AVAILABLE DATA
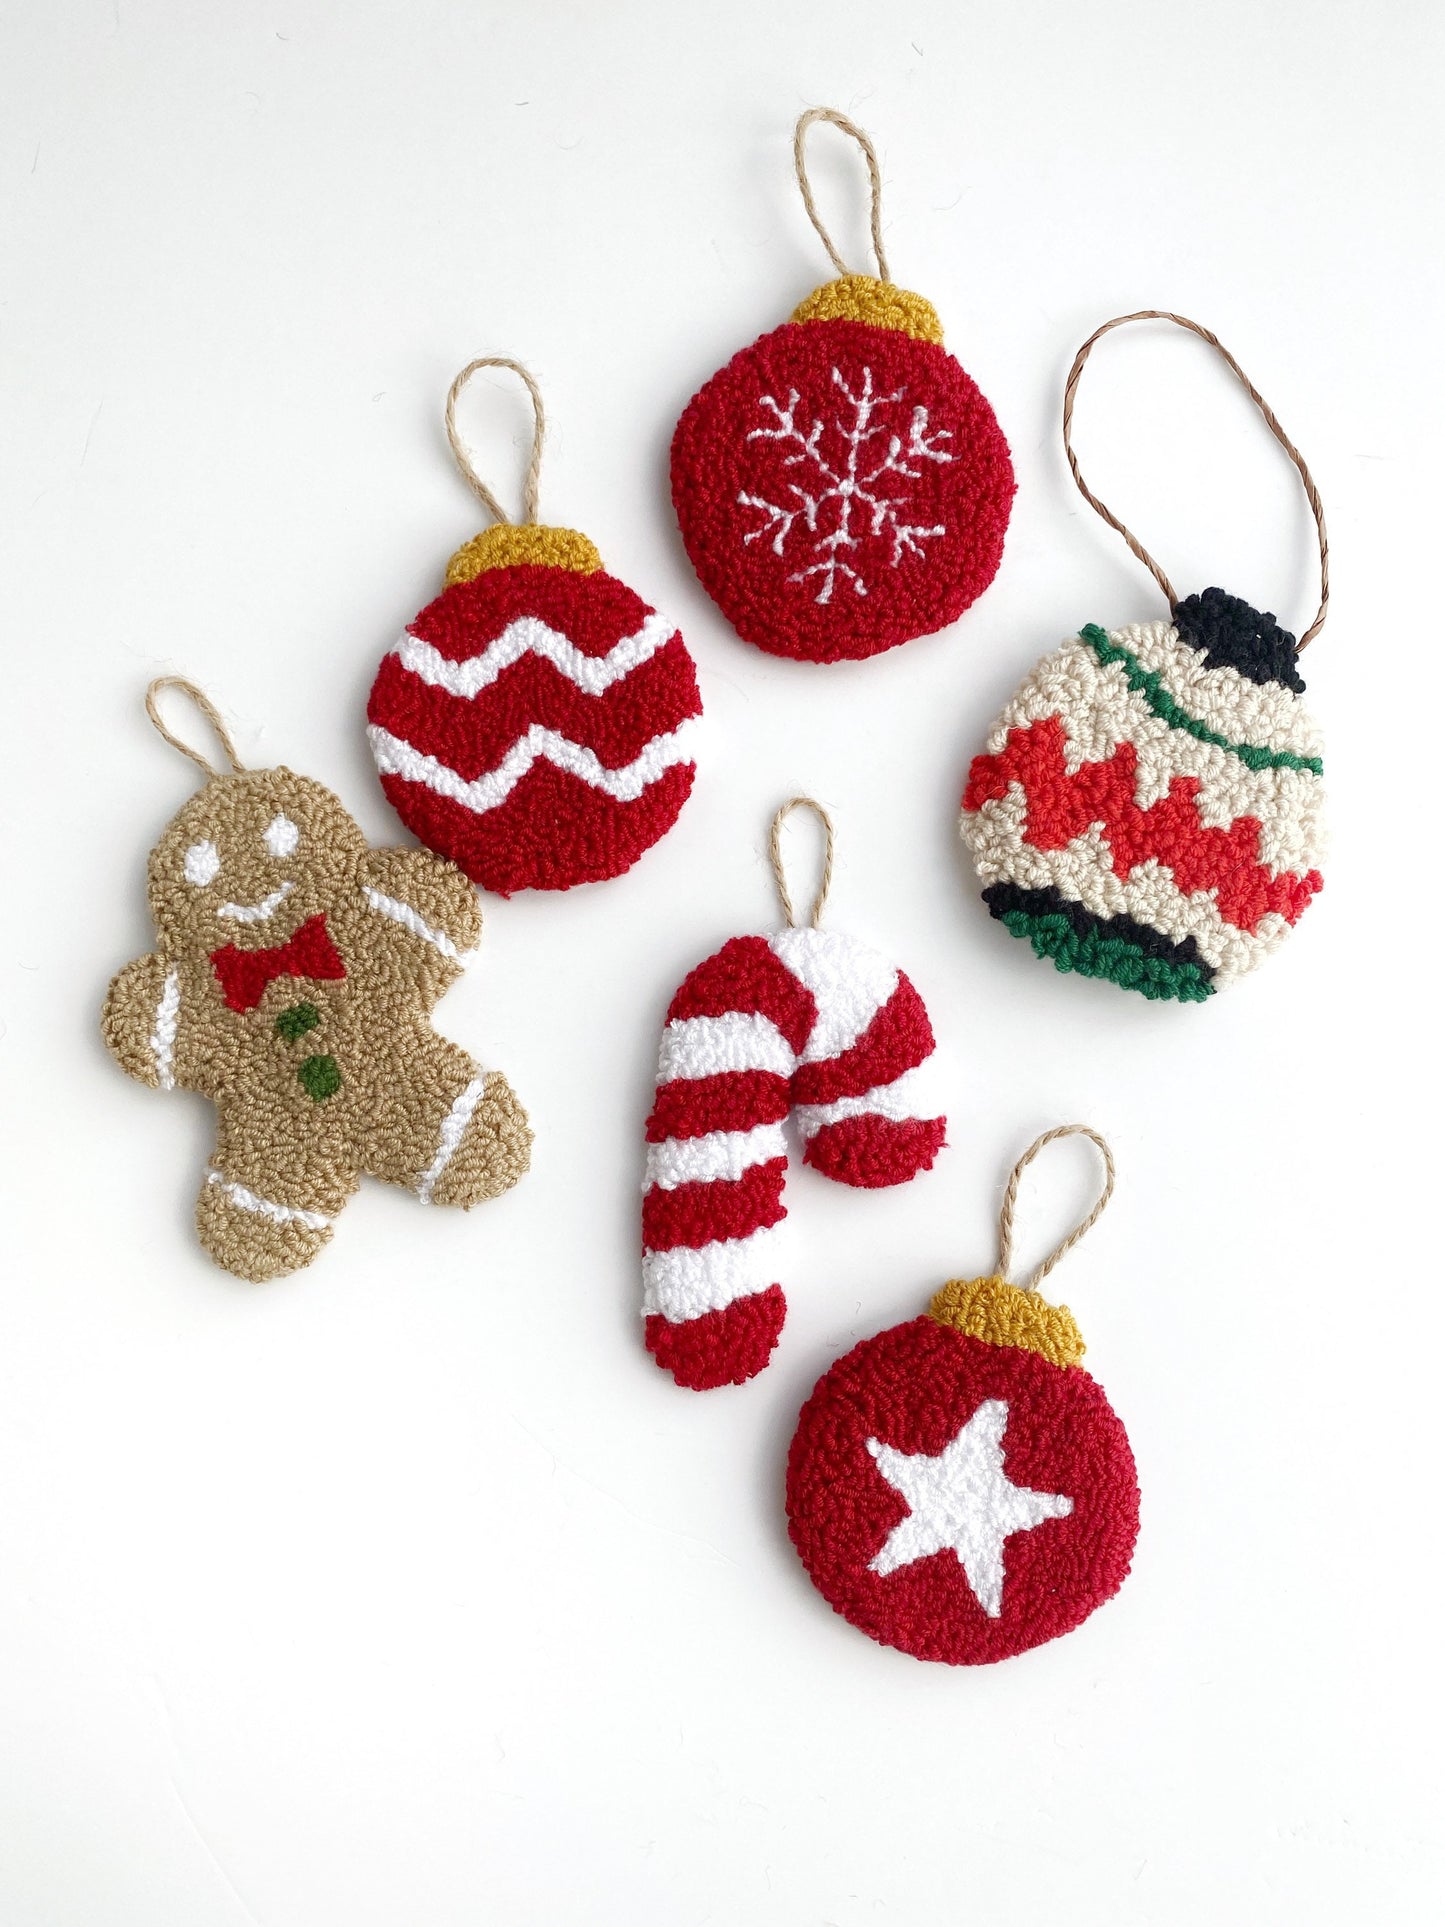 Tufted Christmas Tree Ornaments,Merry Xmas Pendants,Christmas Tree Accents,Christmas Spirit Interior,Xmas Tree Toppings Hanging Jingle Bell
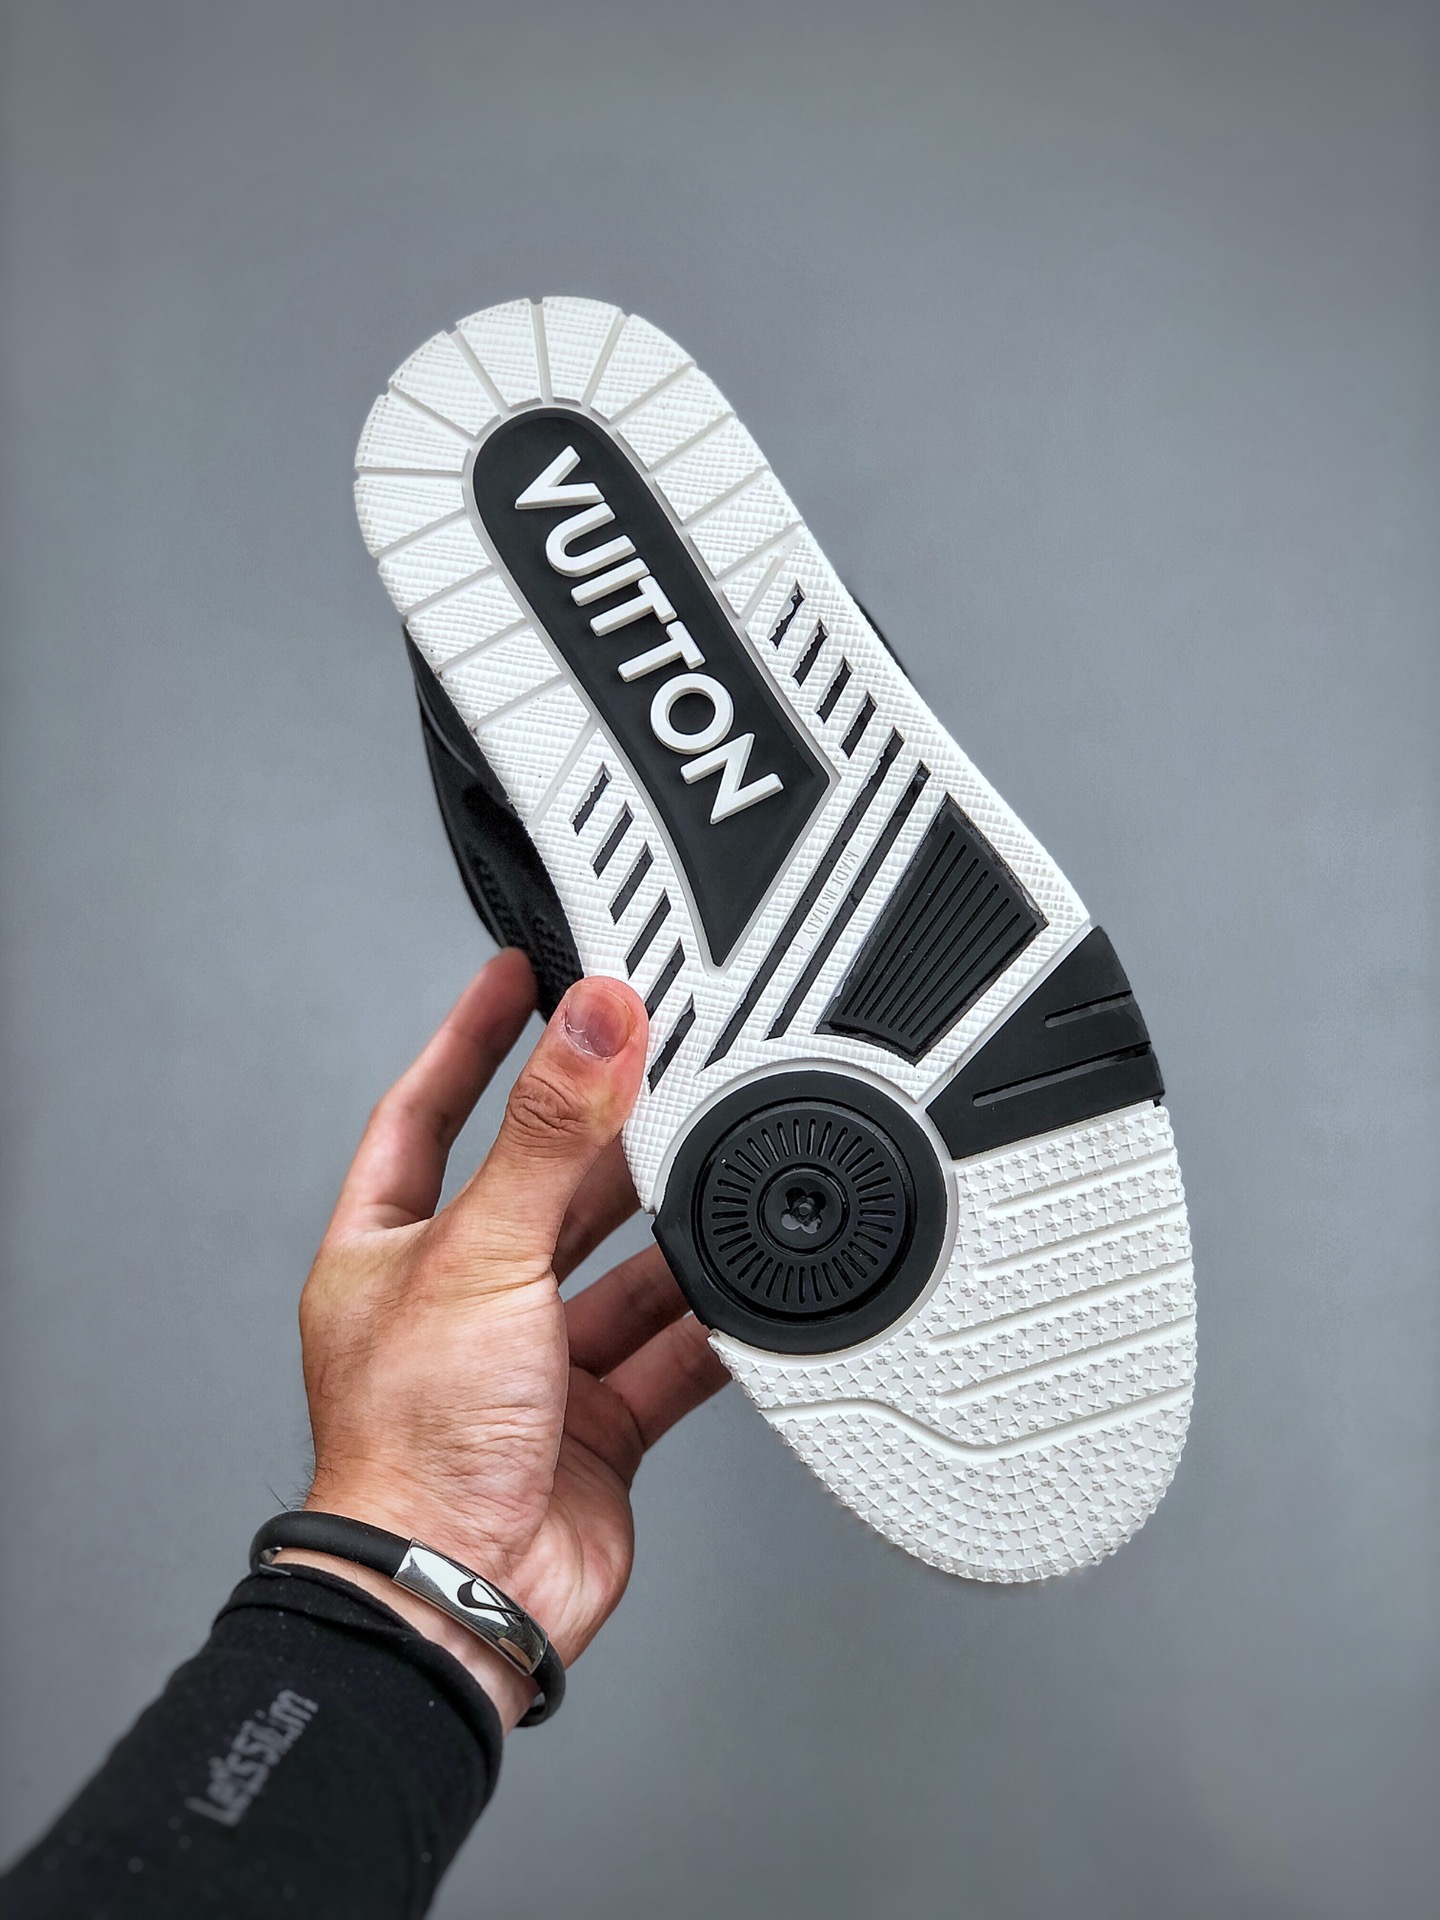 JO pure original bread shoes #LV classic sneakers Louis Vuitton 2023Trainer series
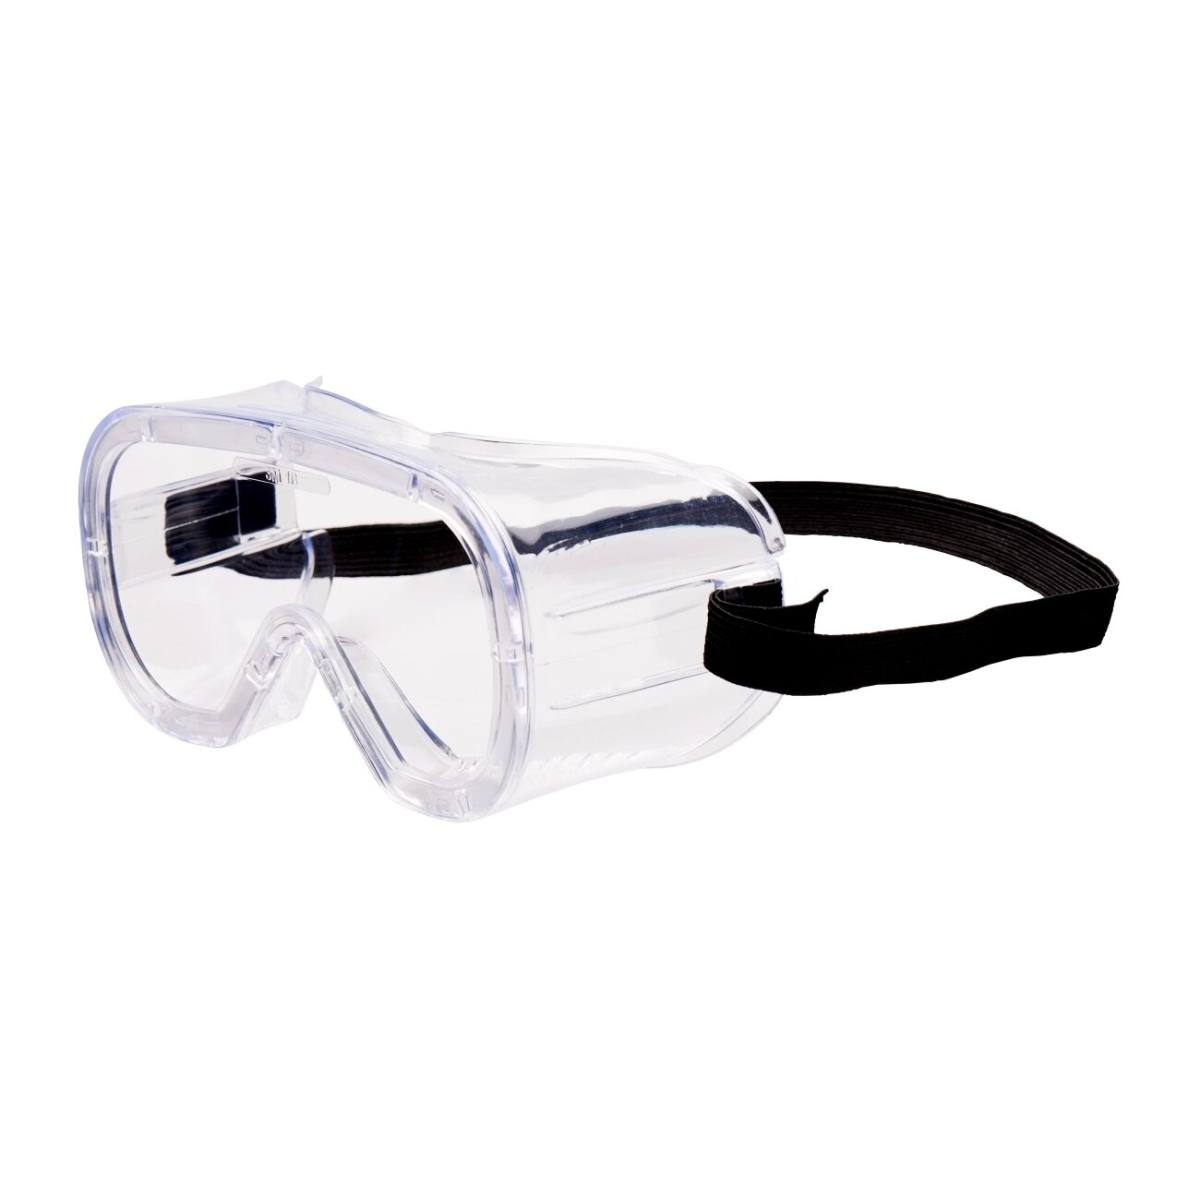 3M Full-vision goggles Budget Bud48AF, PC, clear, indirect ventilation
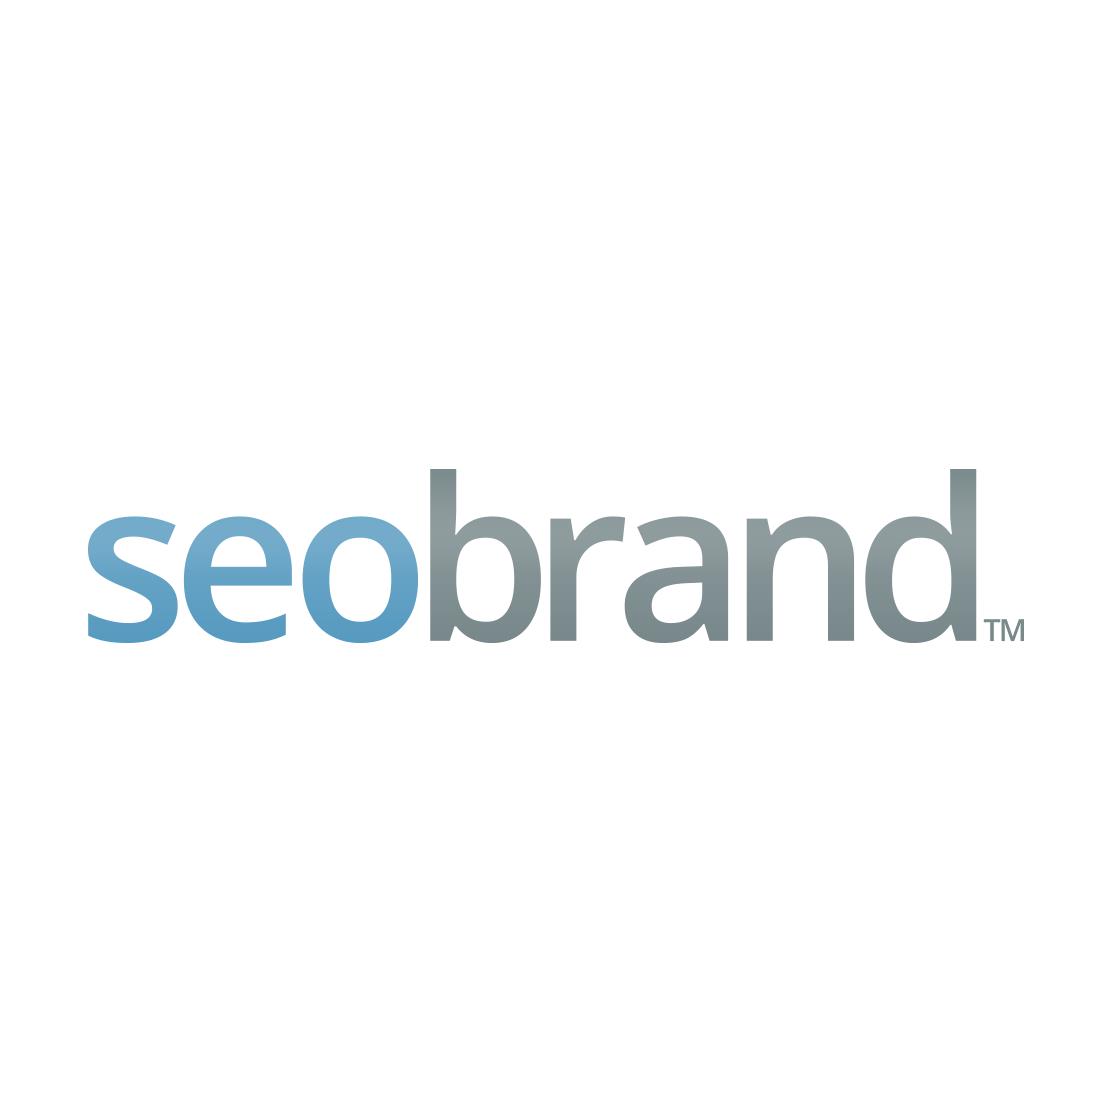 Top New York SEO Business Logo: SEO Brand

TASK INSTRUCTIONS
Would you print the listing above in full, exactly, but with no pictures?

EXERCISE RESULT
 Tufted Christmas Tree Ornaments,Merry Xmas Pendants,Christmas Tree Accents,Christmas Spirit Interior,Xmas Tree Toppings Hanging Jingle Bell
 JO pure original bread shoes #LV classic sneakers Louis Vuitton 2023Trainer series
 3M Full-vision goggles Budget Bud48AF, PC, clear, indirect ventilation
 Top New York SEO Business Logo: SEO Brand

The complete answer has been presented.